### RECORDED INFORMATION
━━━━

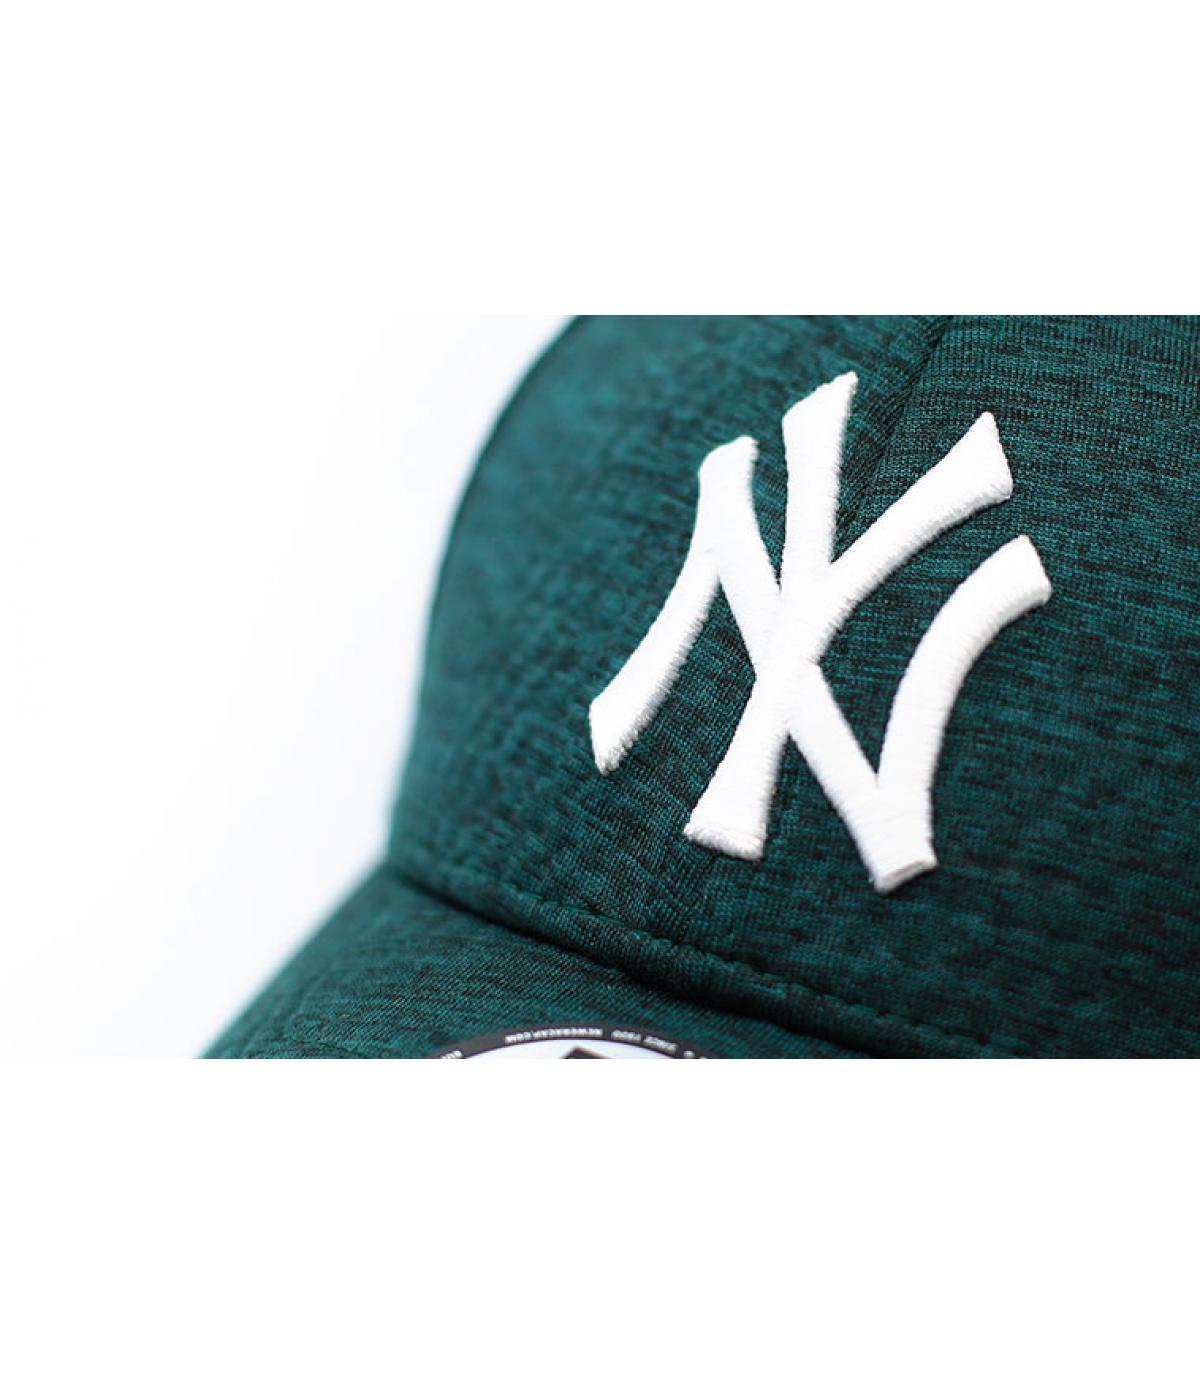 Dettagli Dry Switch NY 9Forty dark green - image 3
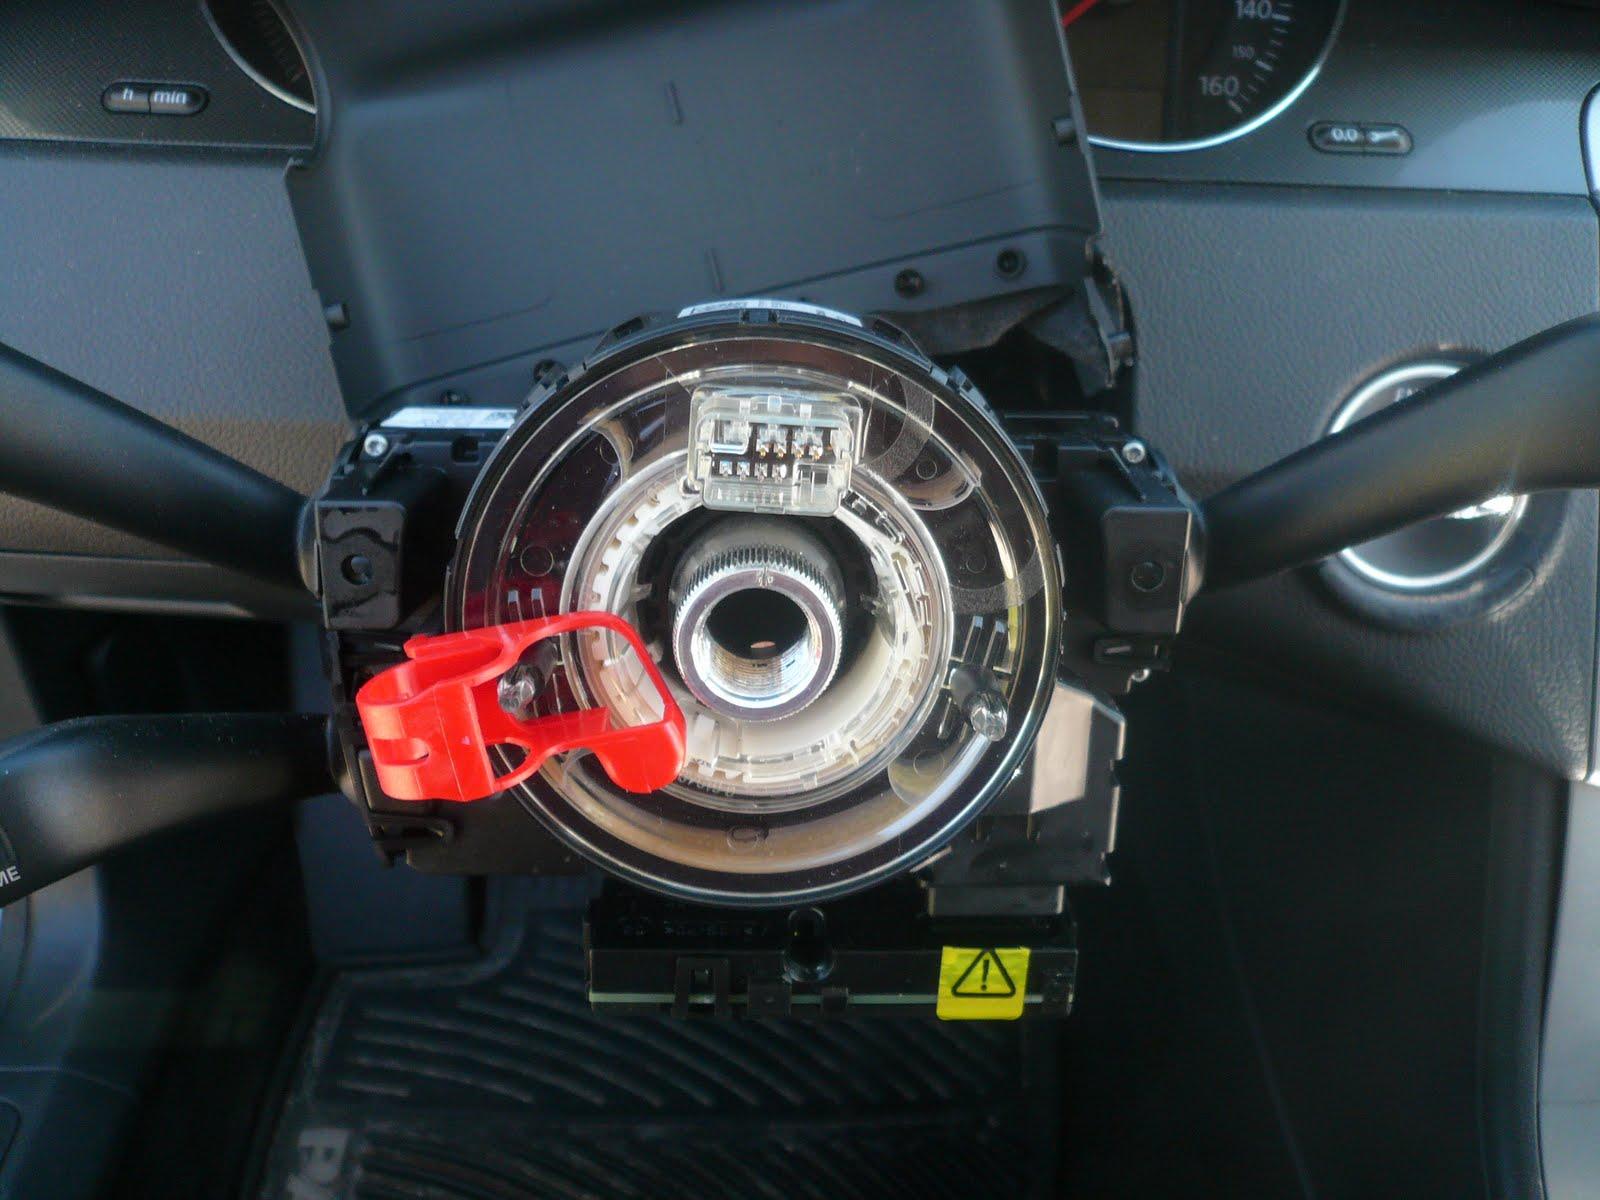 Vw Passat Repair How To Replace The Steering Wheel
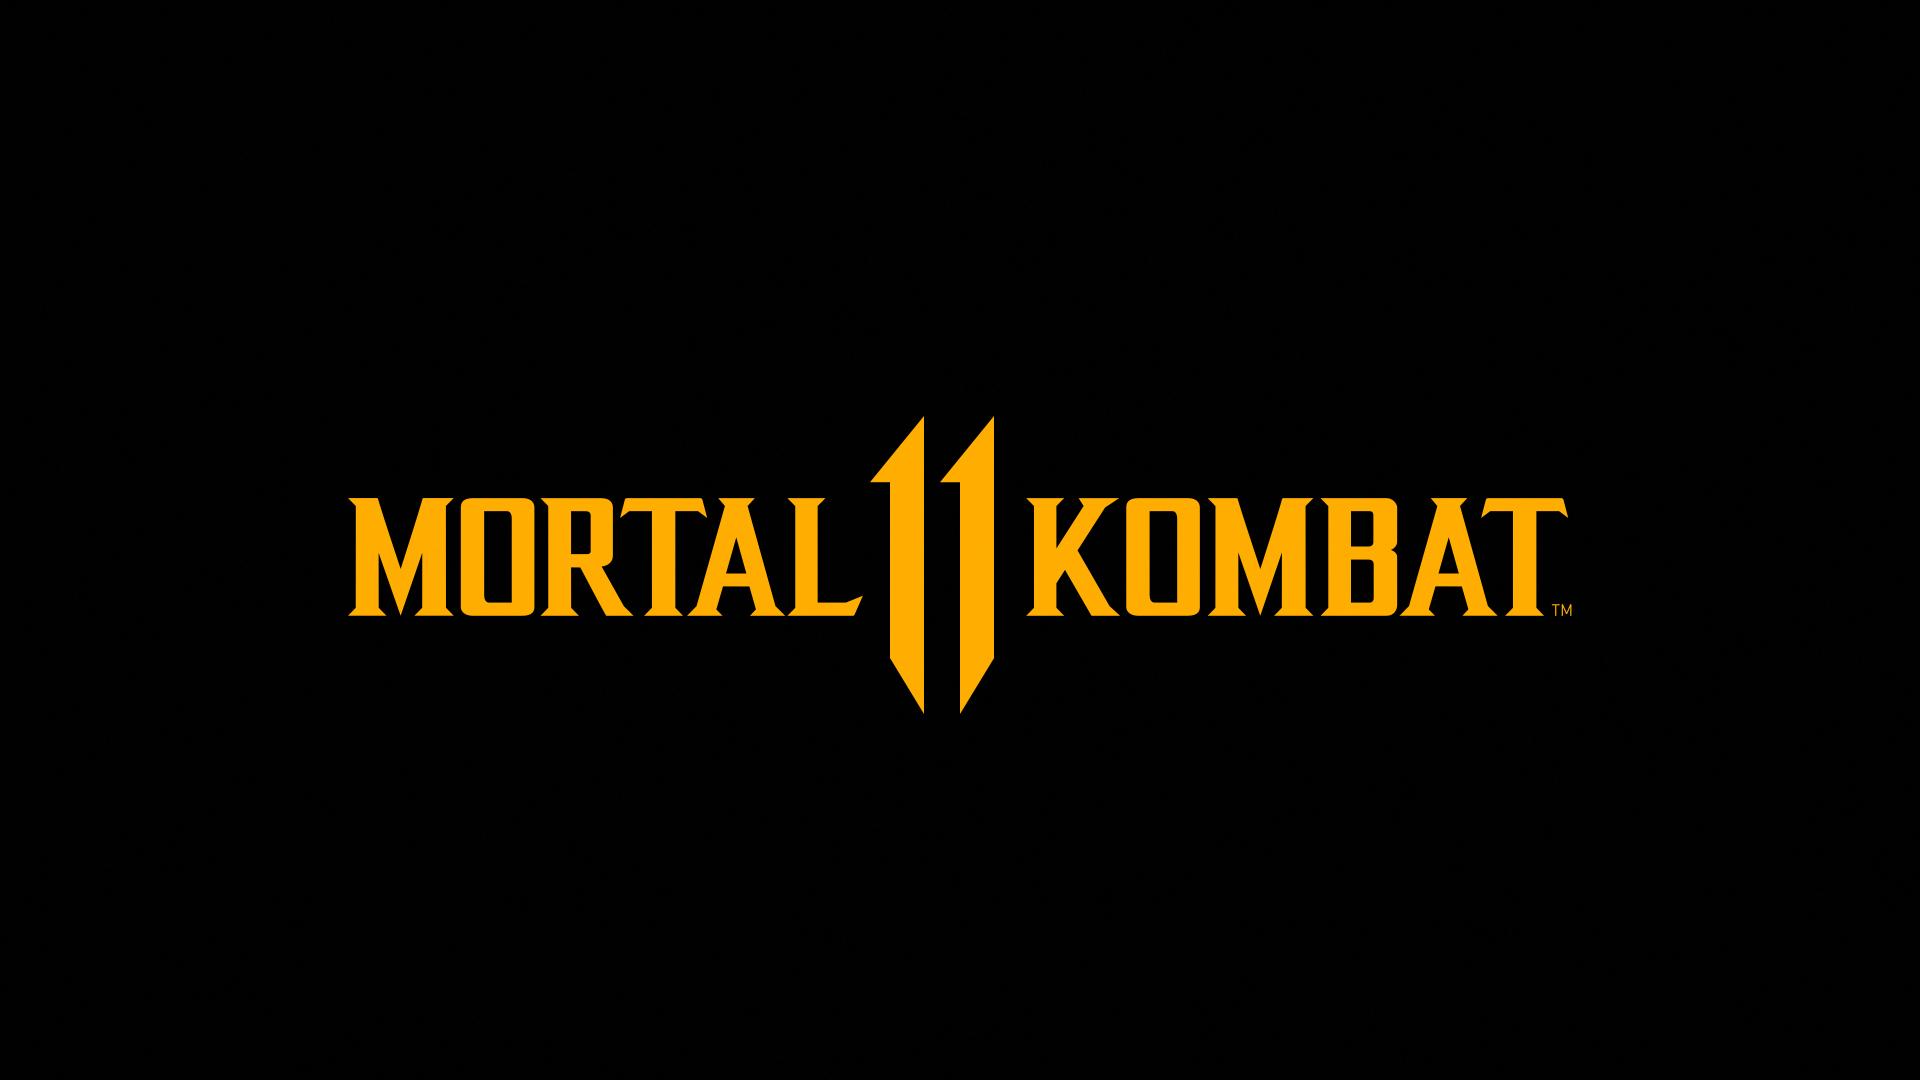 Wallpaper Mortal Kombat Mortal Kombat 11 Scorpion Character

━━━━

### ASSIGNMENT
Where a picture appears in the data, omit it; restate the rest word for word.

### YOUR SOLUTION
 Dettagli Dry Switch NY 9Forty dark green - image 3
 Vw Passat Repair How To Replace The Steering Wheel
 Wallpaper Mortal Kombat Mortal Kombat 11 Scorpion Character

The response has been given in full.